- Born: February 15, 1970 (age 56)
- Occupation: Comedian

= Craig Gass =

American actor, comedian and impressionist

Craig Gass is an American actor, comedian and impressionist best known for his roles in King of Queens, Family Guy, American Dad, and Sex and the City and for auditioning as Jackie Martling's replacement on The Howard Stern Show, coming in second to Artie Lange. Craig is also known for his comedy special Craig Gass: The Worst Comedy Show Ever.

==Personal life==
Gass was born into a deaf family, as his mother, father, and sister are completely without hearing. He mimicked the voices on television to learn how to speak.
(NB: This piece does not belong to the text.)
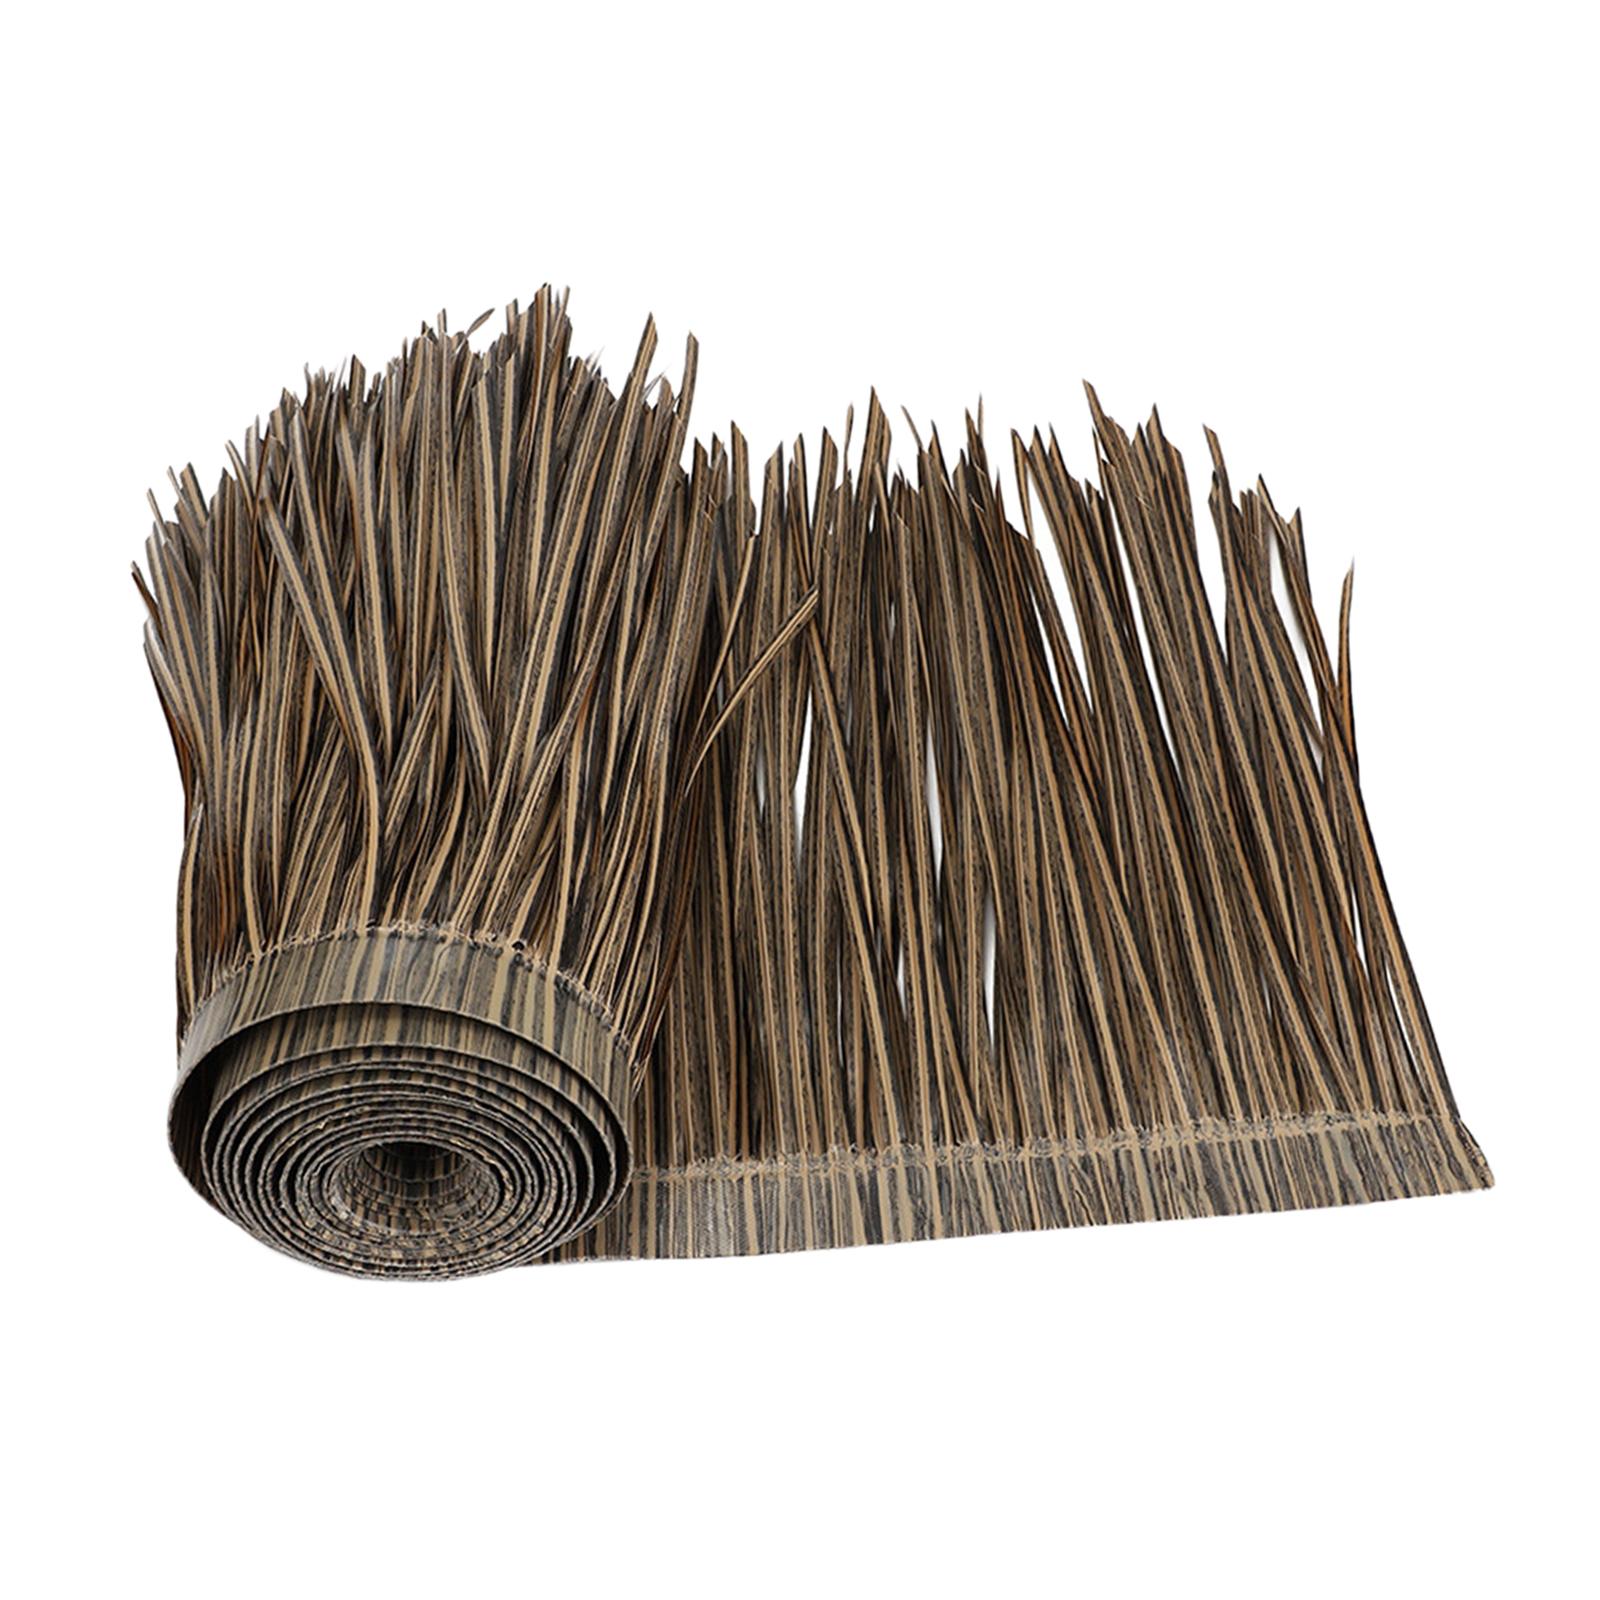  1.64x13.12ft Raffia Grass Thatch Roofing Blind Grass, Natural  Thatch Decorations Cover Simulation Thatch, Duck Boat Blinds Thatched Tiles  Palm Thatch Rolls Straw Roof, for Umbrella Covers Mini Bar ( S

His first roommate in NYC was Mitch Hedberg in 1998 and in 2004, he lived in Eddie Van Halen's Recording Studio in California.

==Career==
Gass began performing standup in 1993 in Seattle alongside other newcomers Brody Stevens, Josh Wolf, and Joey Diaz.

Gass gained early fame as a guest on The Howard Stern Show who became known for his impressions of various celebrities, including Gene Simmons, Sam Kinison, Tracy Morgan, Christopher Walken, and Al Pacino.

He was a writer for Weekend Update on SNL.

His appearances led to Gass landing an acting part on Sex and the City as Miranda's donut-eating boyfriend.

Gass' talent for impressions also led him to a guest-starring spot on King of Queens.

Gass has appeared in the films Pauly Shore is Dead and Noise.